Я был в штанах и рубахе. Алдвин принес лучшую мою кольчугу фризской работы с тяжелыми звеньями и кожаной поддевкой, отделанную по вороту и по подолу золотыми и серебряными кольцами. Я унизал руки широкими браслетами. Эти сверкающие трофеи прошлых побед выдадут врагу мой статус военного вождя. Я сунул ноги в громоздкие сапоги, подбитые железными подковками и с золотыми шпорами на пятках. Застегнул легкий пояс, расшитый серебряными квадратиками. На нем на правом моем боку висел сакс Осиное Жало. Потом наступил черед тяжелого пояса с золотыми волчьими головами. На нем слева держался Вздох Змея. Шею обернул шарфом из редкого белого шелка, подарок от Бенедетты, а поверх его надел толстую золотую цепь. На ней на уровне сердца висел серебряный молот, а рядом с ним золотой крест, который дала мне как оберег итальянка. Застегнул на плече черный как ночь плащ, потом нахлобучил самый красивый мой боевой шлем, с серебряным волком на гребне. Я потоптался на месте, затем прошел несколько шагов, чтобы тяжелый доспех сел как следует. Алдвин, сирота из Лундена, смотрел на меня во все глаза. Я был военным вождем – военным вождем Беббанбурга, военным вождем Британии, и парень видел славу и мощь, не догадываясь о страхе, что сосал у меня под ложечкой, насмехался надо мной, добавлял хрипоту в мой голос.
– Сновгебланд под седлом?
– Да, господин.
– Приведи его. И еще кое-что, Алдвин.
– Что, господин?
– Держись позади «стены», как можно дальше. Там будут летать стрелы, так что не подходи на расстояние выстрела. Если понадобишься, я тебя позову. А теперь приведи коня.
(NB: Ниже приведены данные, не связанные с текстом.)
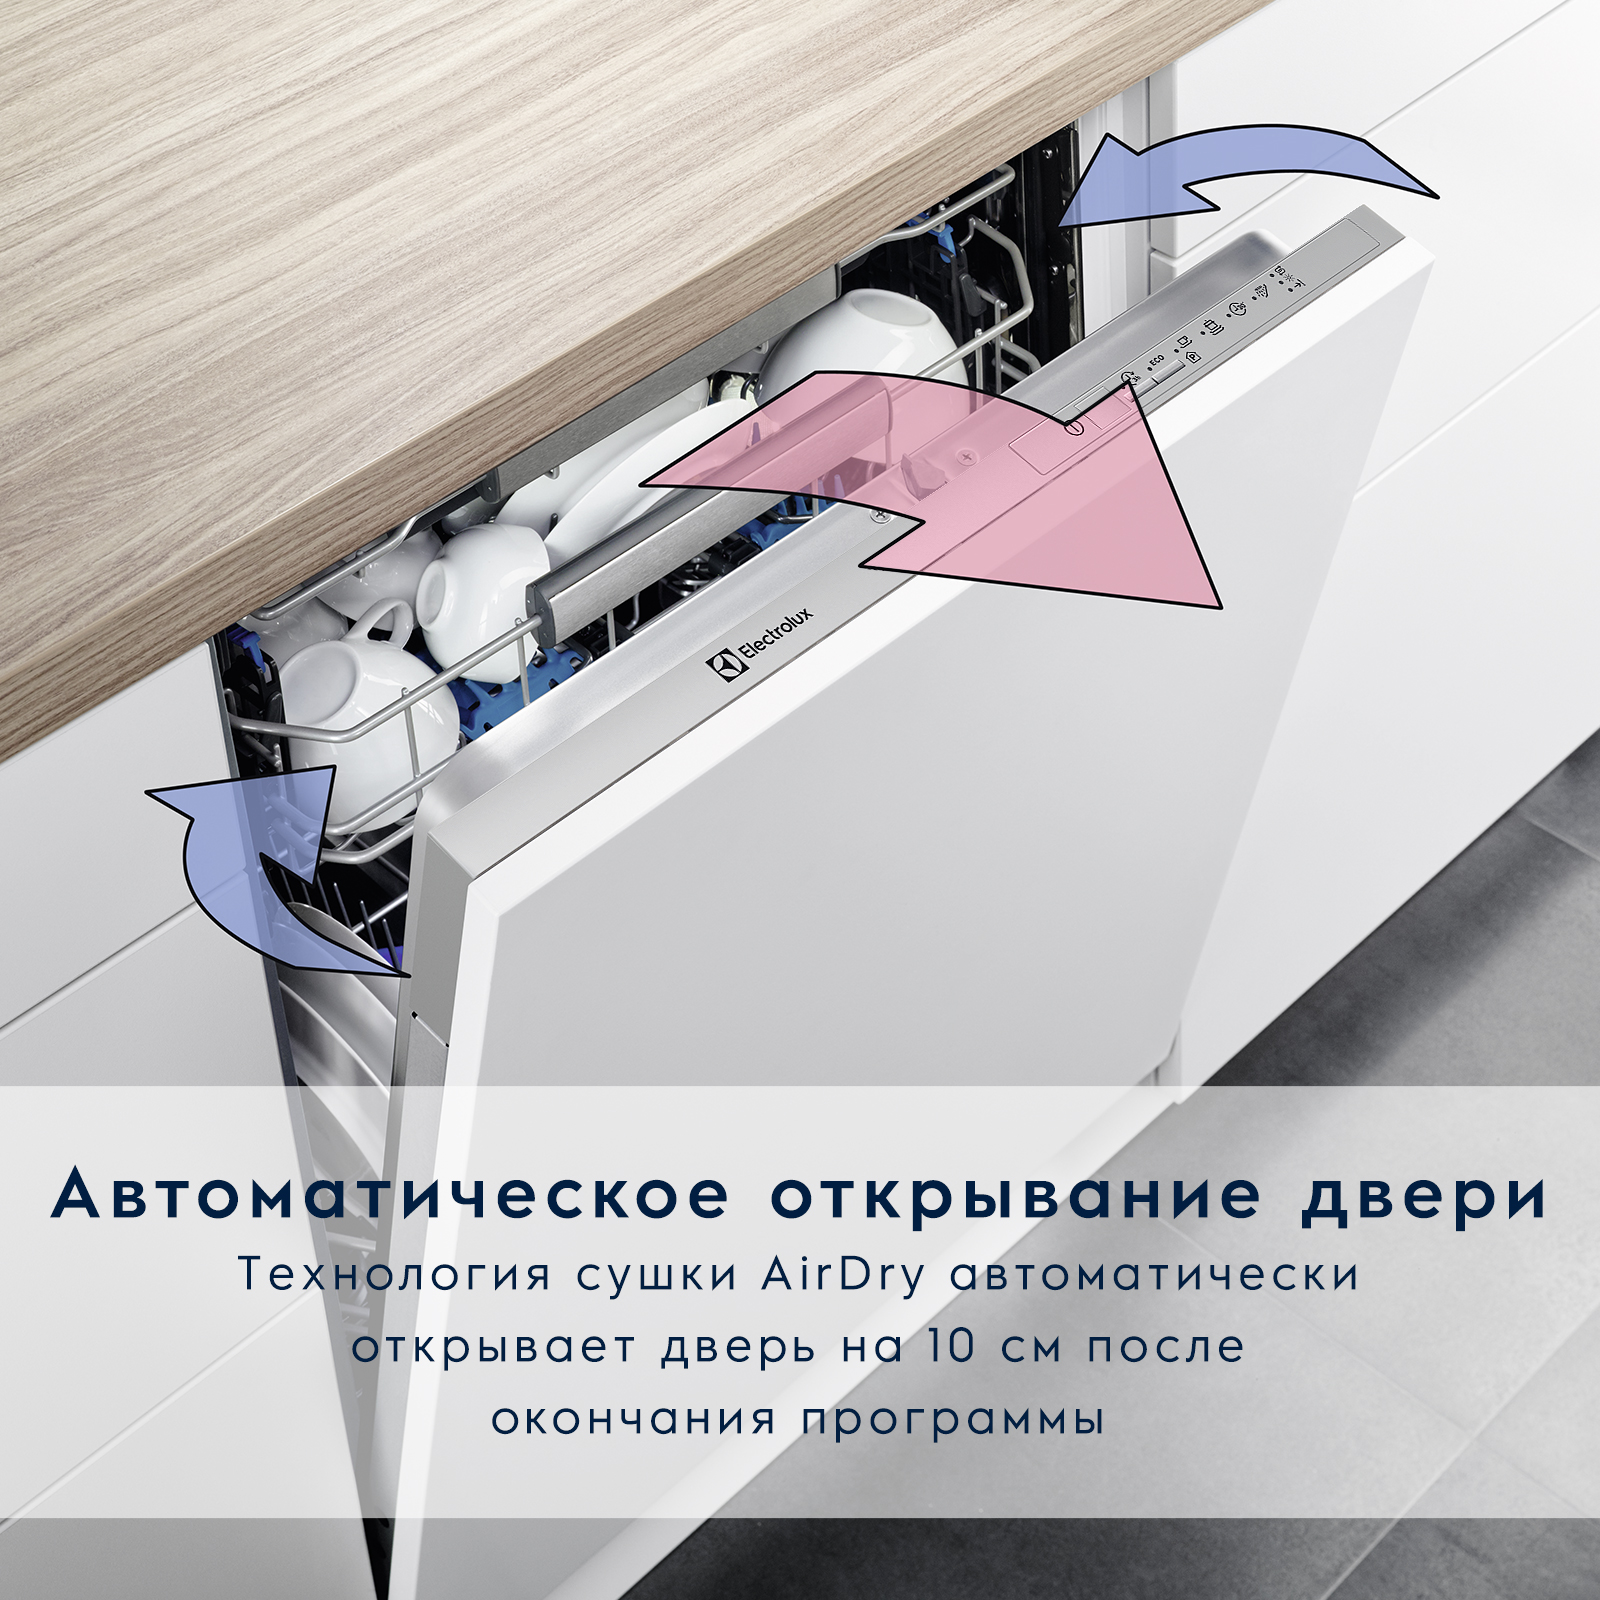 Встраиваемая посудомоечная машина Electrolux Intuit 300 EEA917100L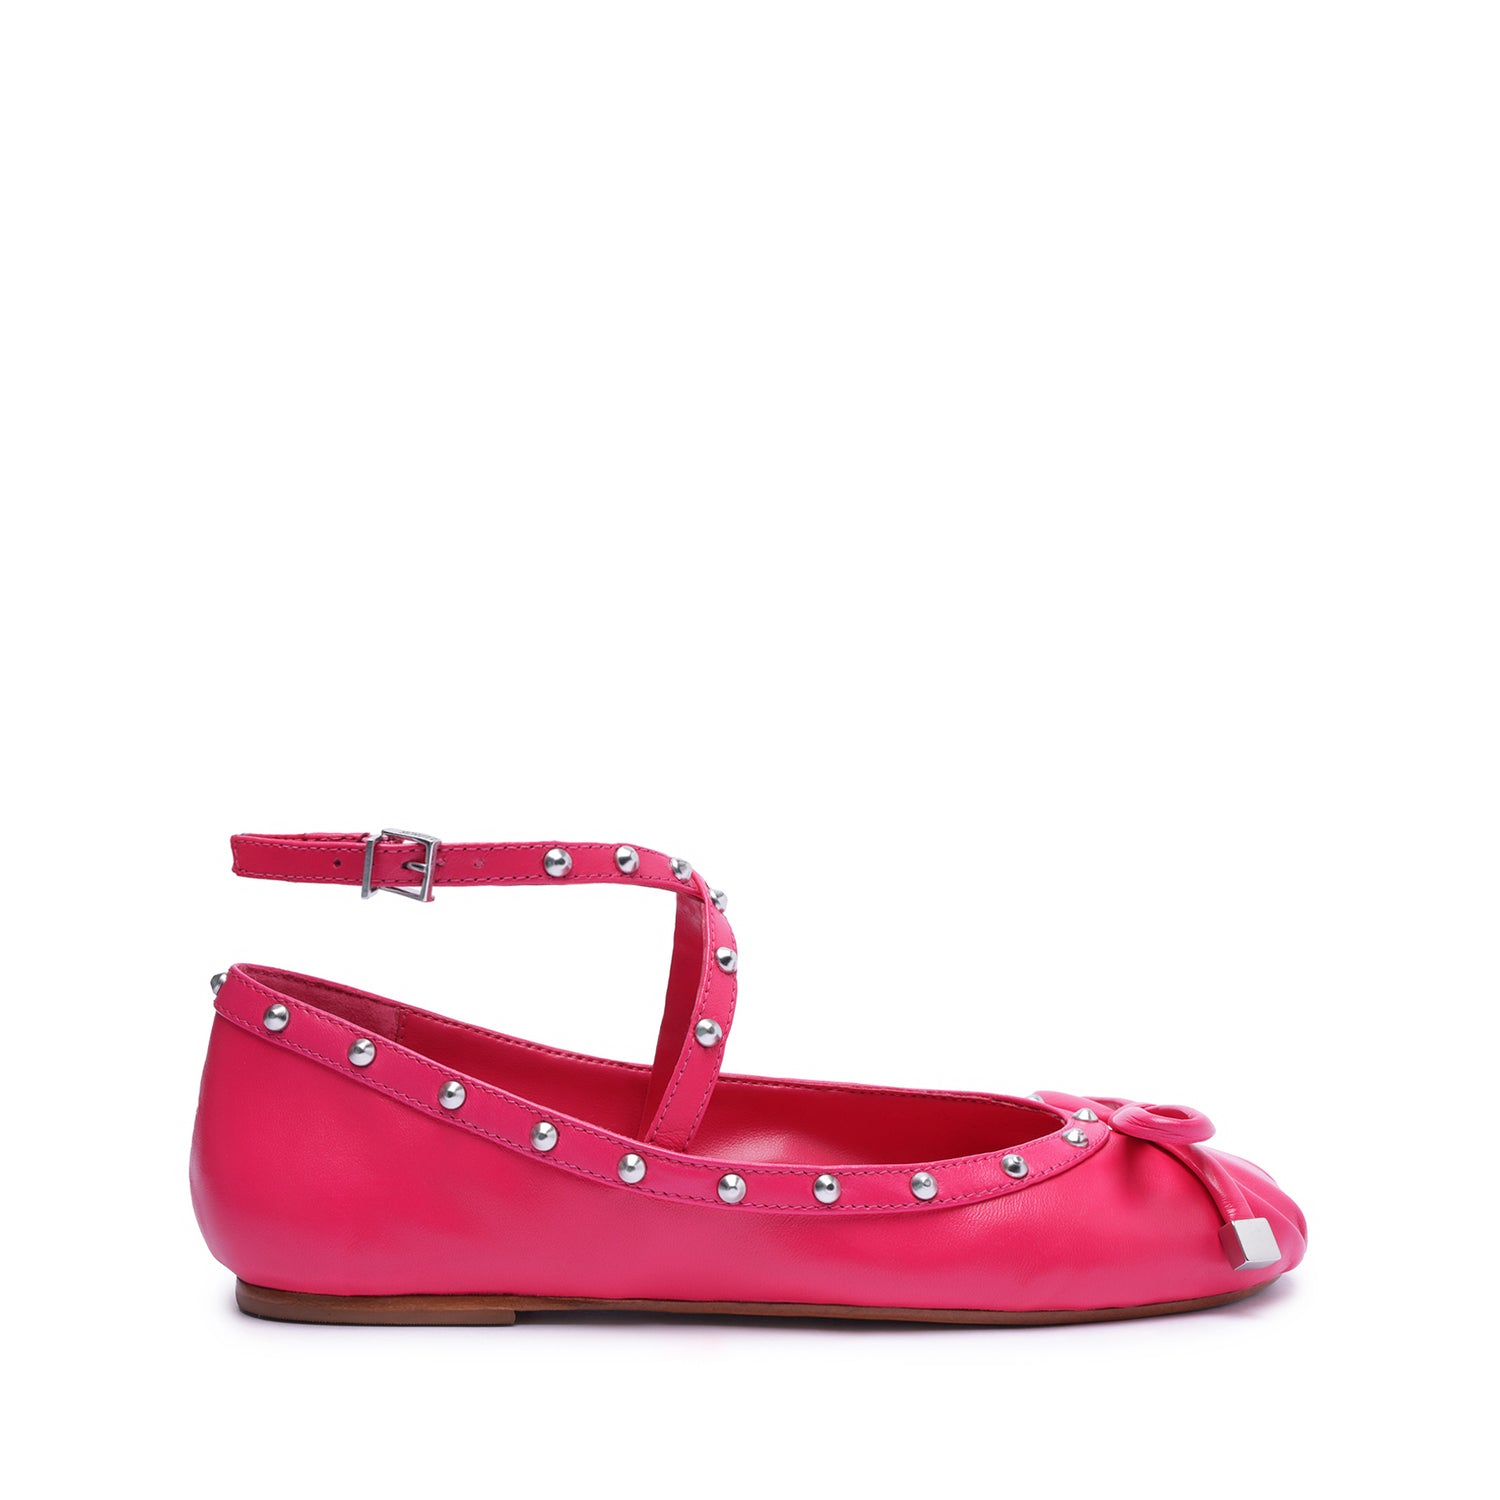 Larissa Nappa Leather Flat Flats FALL 23 5 Paradise Pink Nappa Leather - Schutz Shoes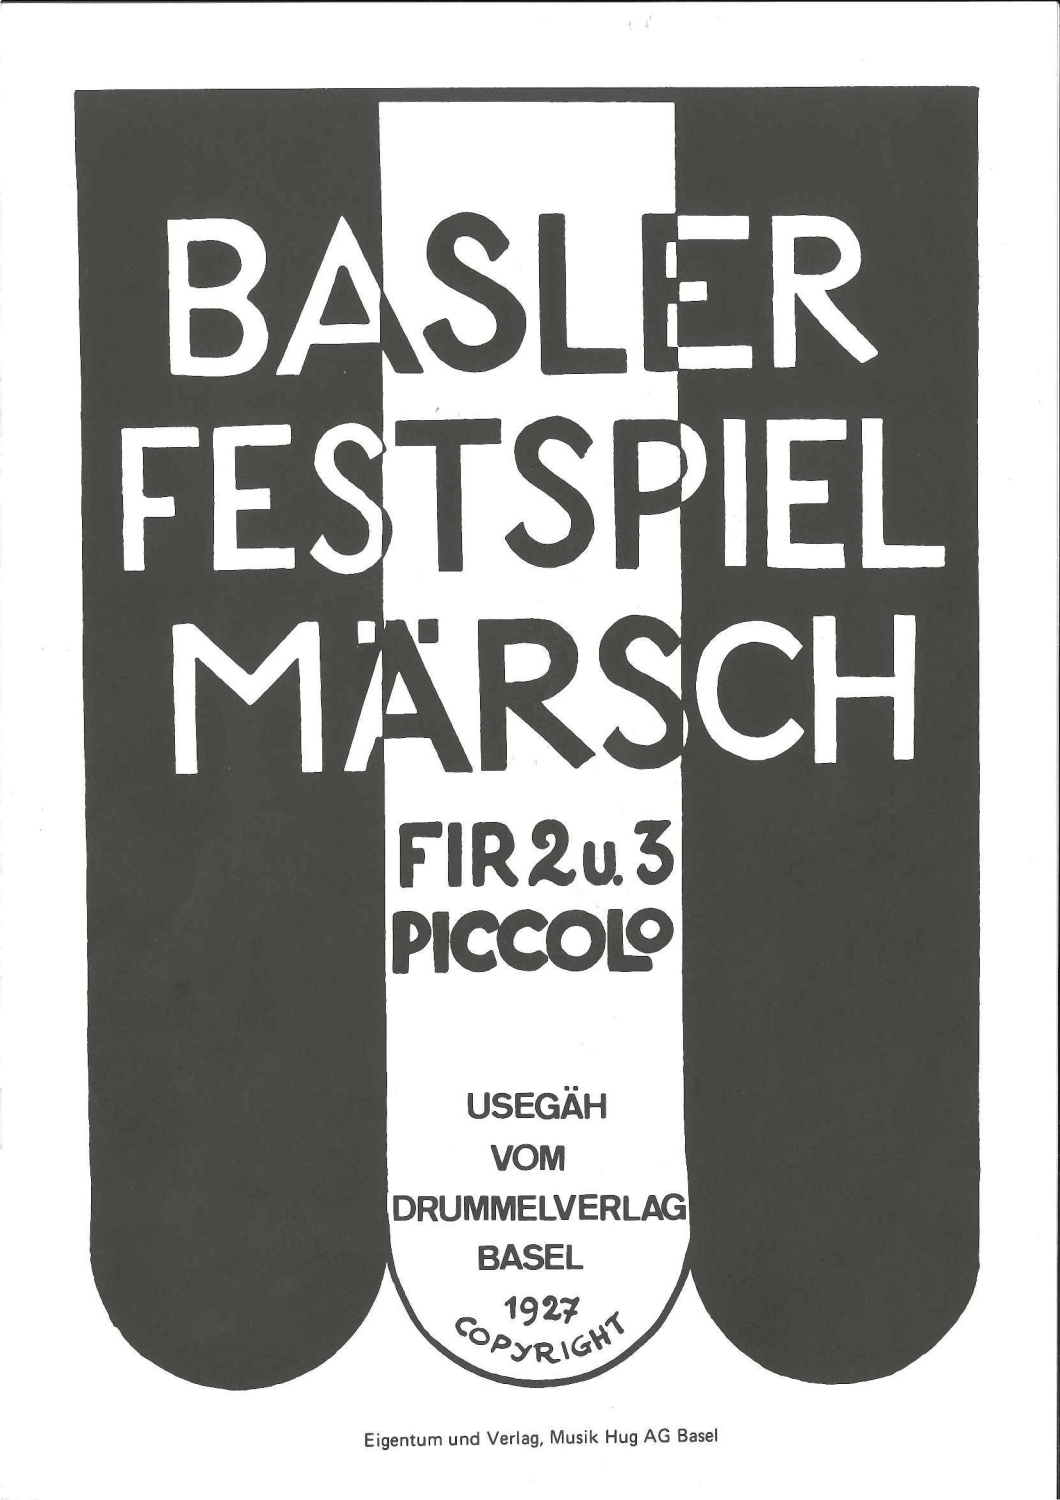 Basler-Festspielmaersche-Picc-_0001.JPG

Моей дружине раньше прочих воинов Этельстана предстояло попасть через мост на поле боя. Король попросил меня встать на правом фланге, непосредственно у большего из потоков. По нашим расчетам, самая ожесточенная битва должна разыграться на левом крыле, где Анлаф спустит с поводка своих диких норманнов, но правому флангу тоже достанется: кто бы нам ни противостоял, он будет норовить прорвать нашу «стену щитов» и выйти в тыл боевой линии Этельстана.